■ WHAT TO WORK ON
From the records below, please print only the lines from the one containing "STATI UNITI - USA" through the one containing "Silk skirt with", both included. Skip the pictures.

■ RECORD SET
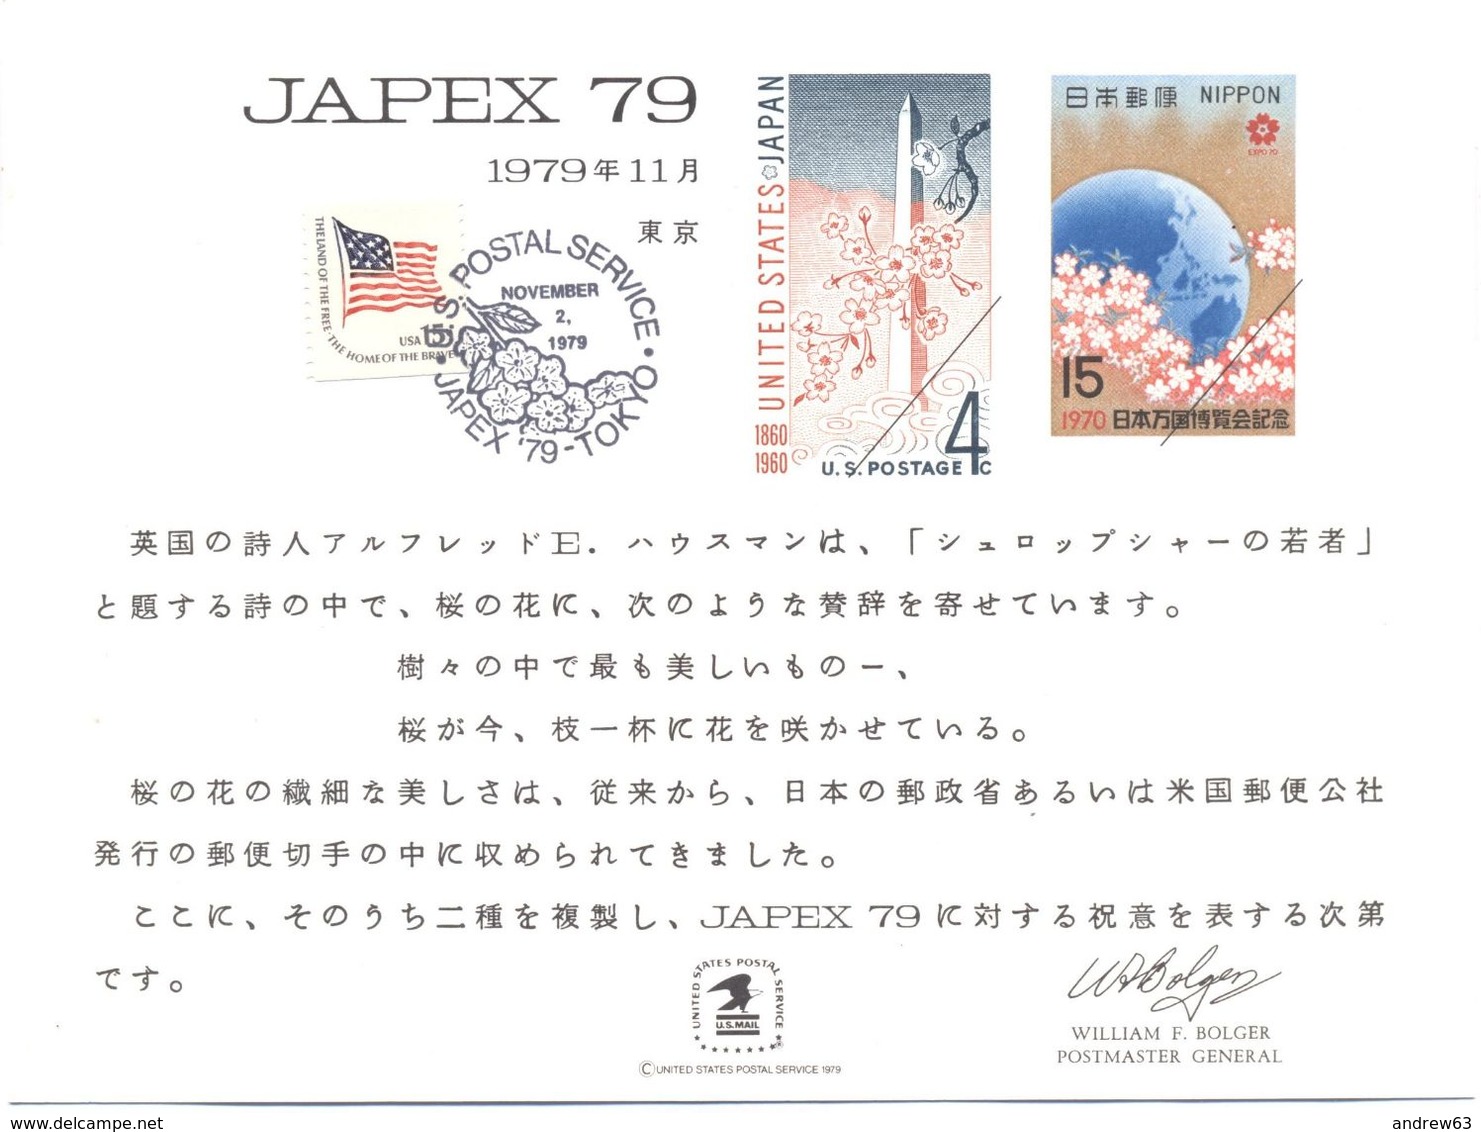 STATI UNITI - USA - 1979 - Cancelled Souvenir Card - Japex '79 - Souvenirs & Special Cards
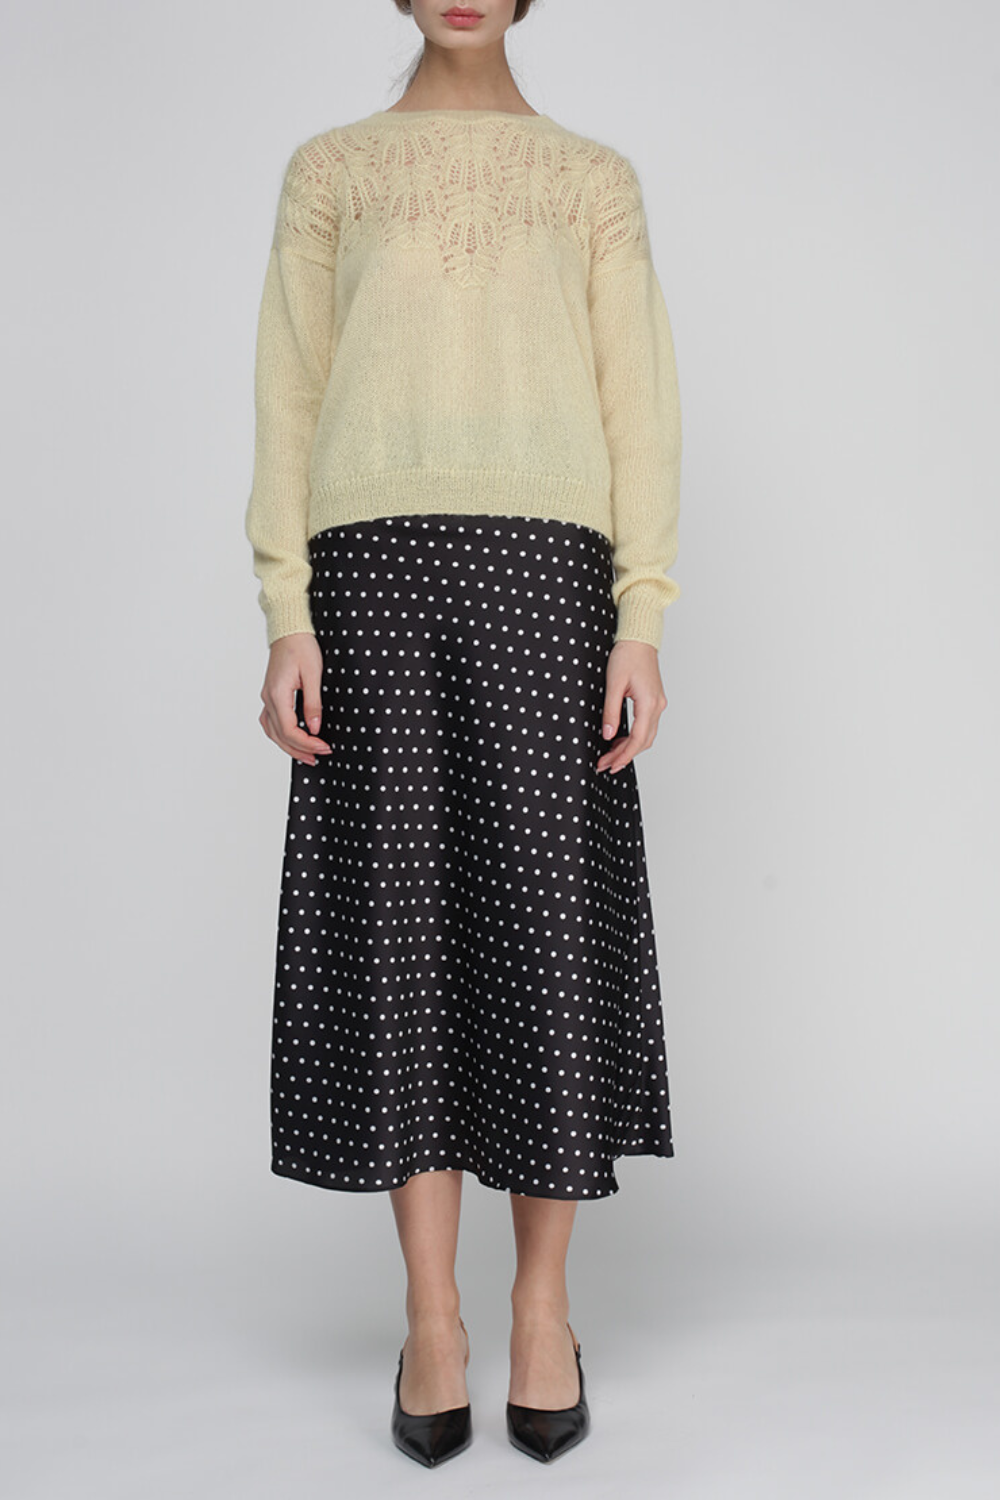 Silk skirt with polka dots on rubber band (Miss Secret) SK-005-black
---
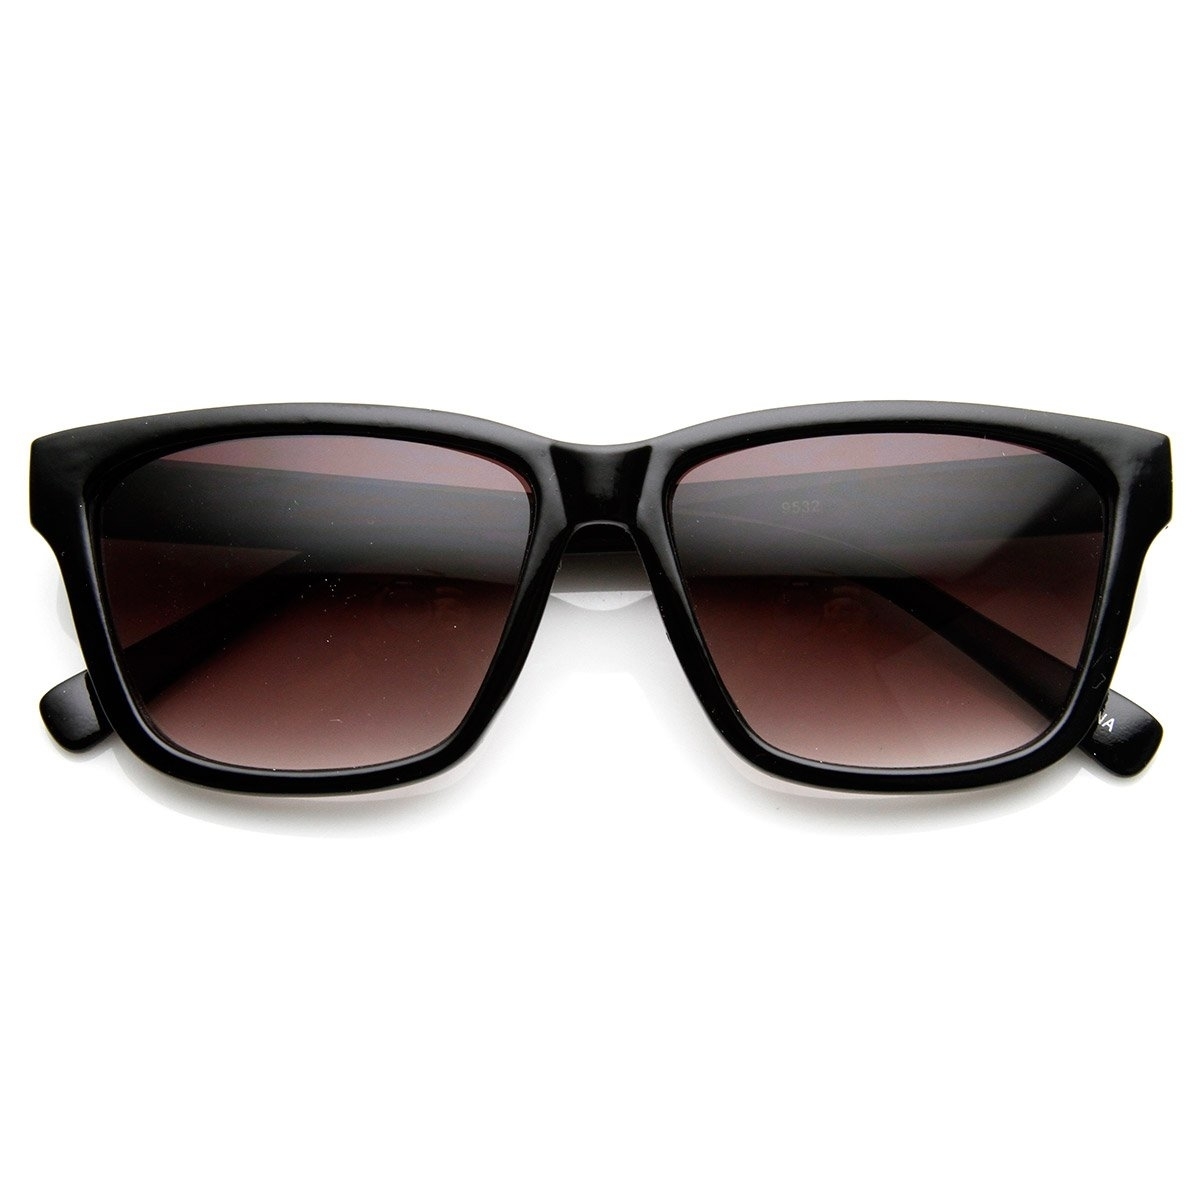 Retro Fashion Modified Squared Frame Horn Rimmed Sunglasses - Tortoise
---
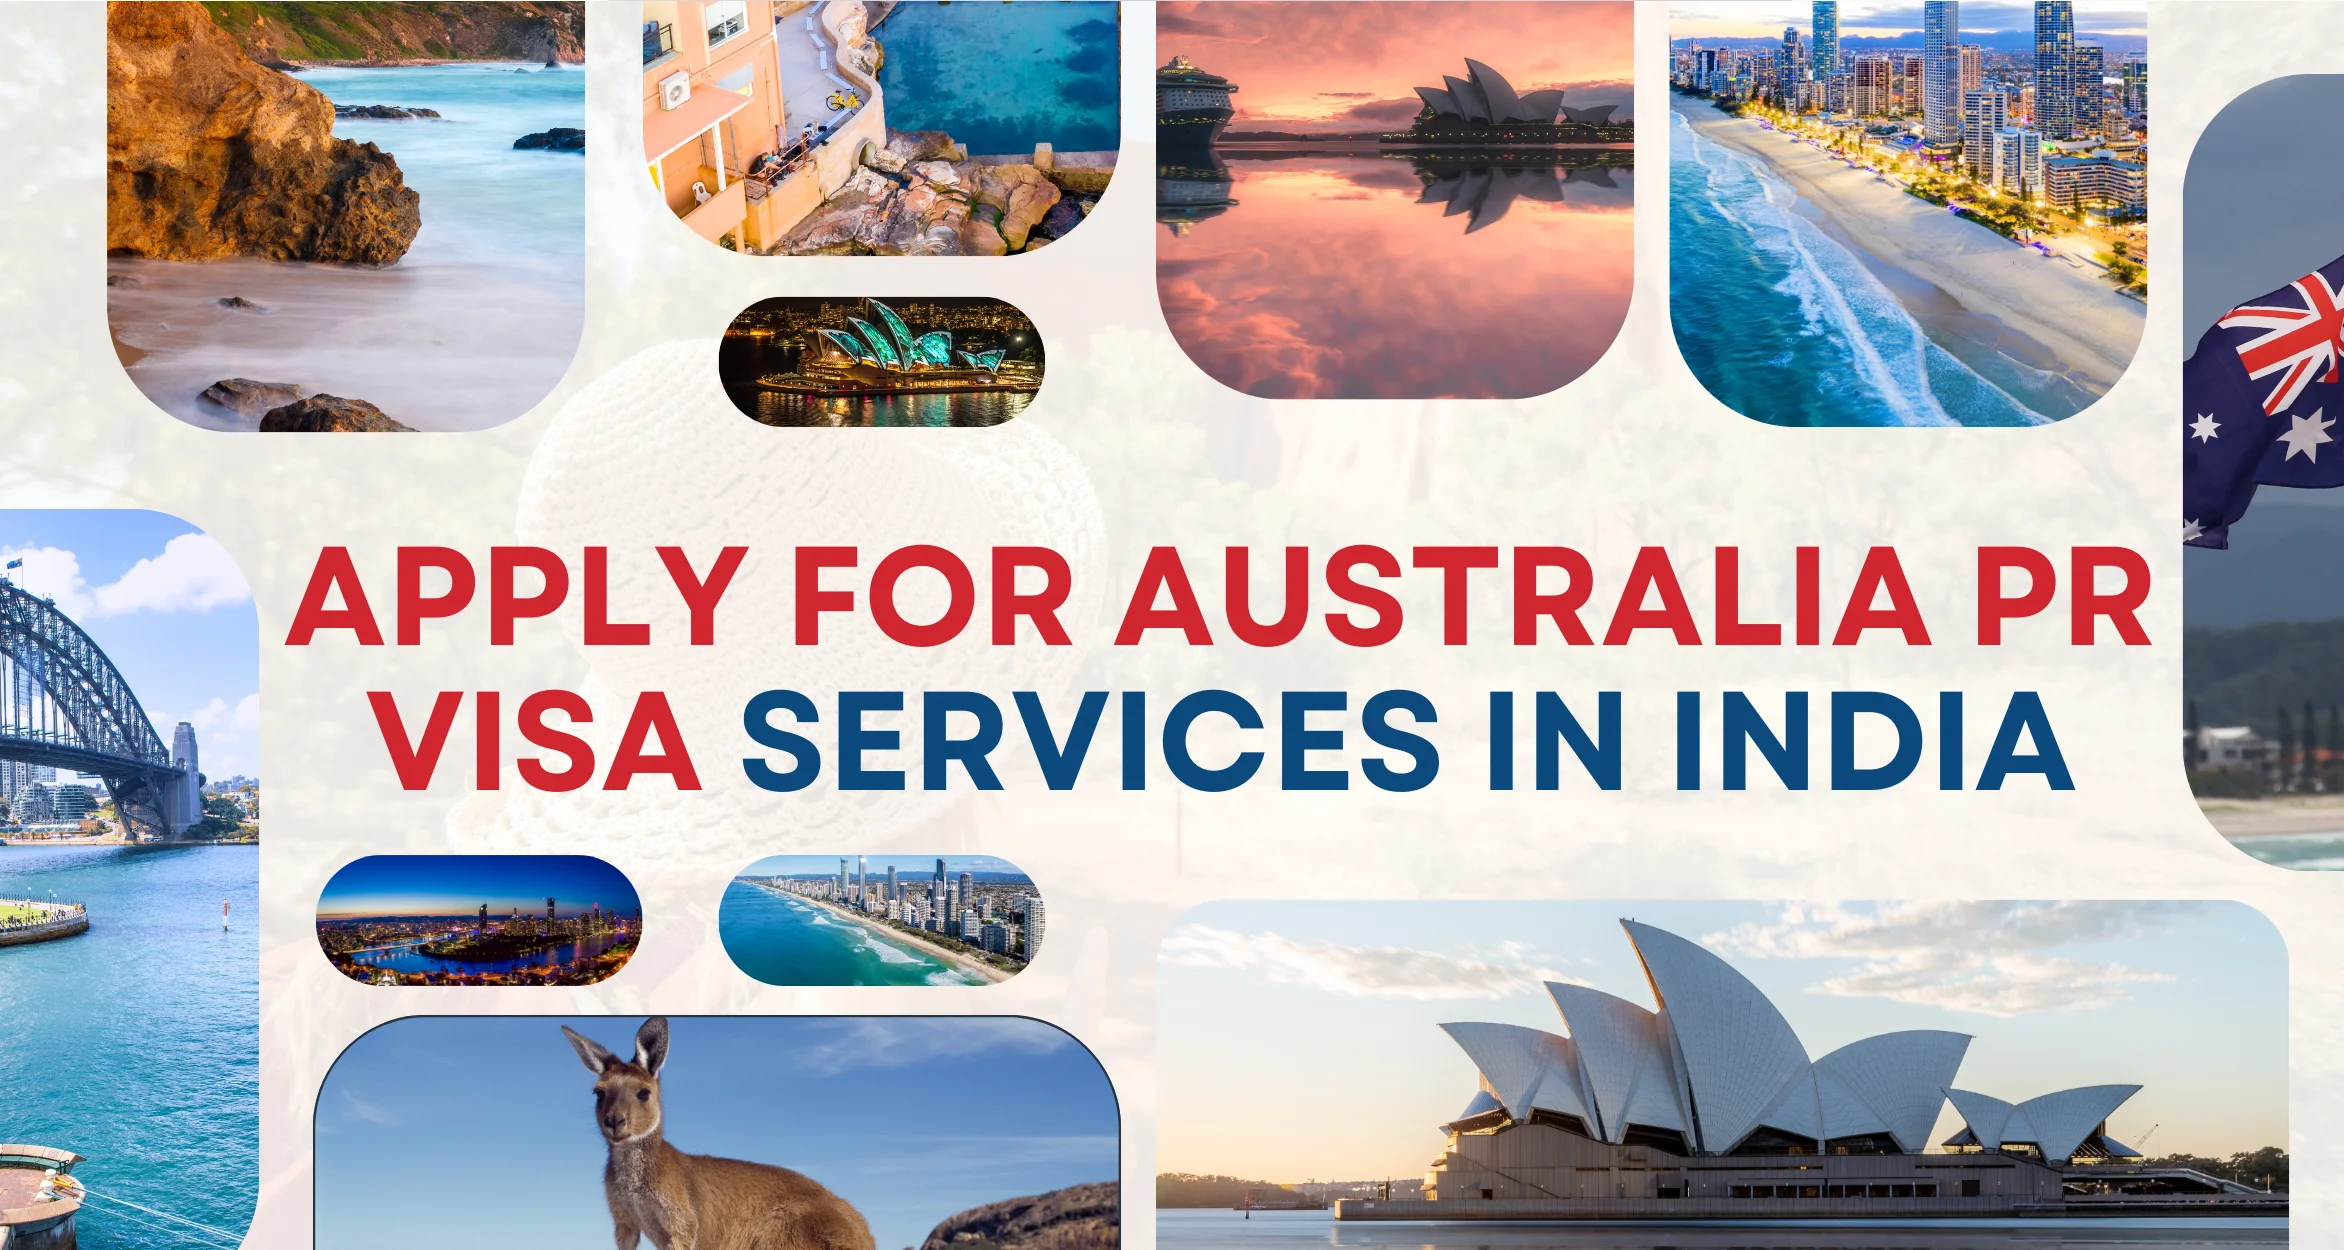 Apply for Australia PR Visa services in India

■ WRITTEN ANSWER
 STATI UNITI - USA - 1979 - Cancelled Souvenir Card - Japex '79 - Souvenirs & Special Cards
 Silk skirt with polka dots on rubber band (Miss Secret) SK-005-black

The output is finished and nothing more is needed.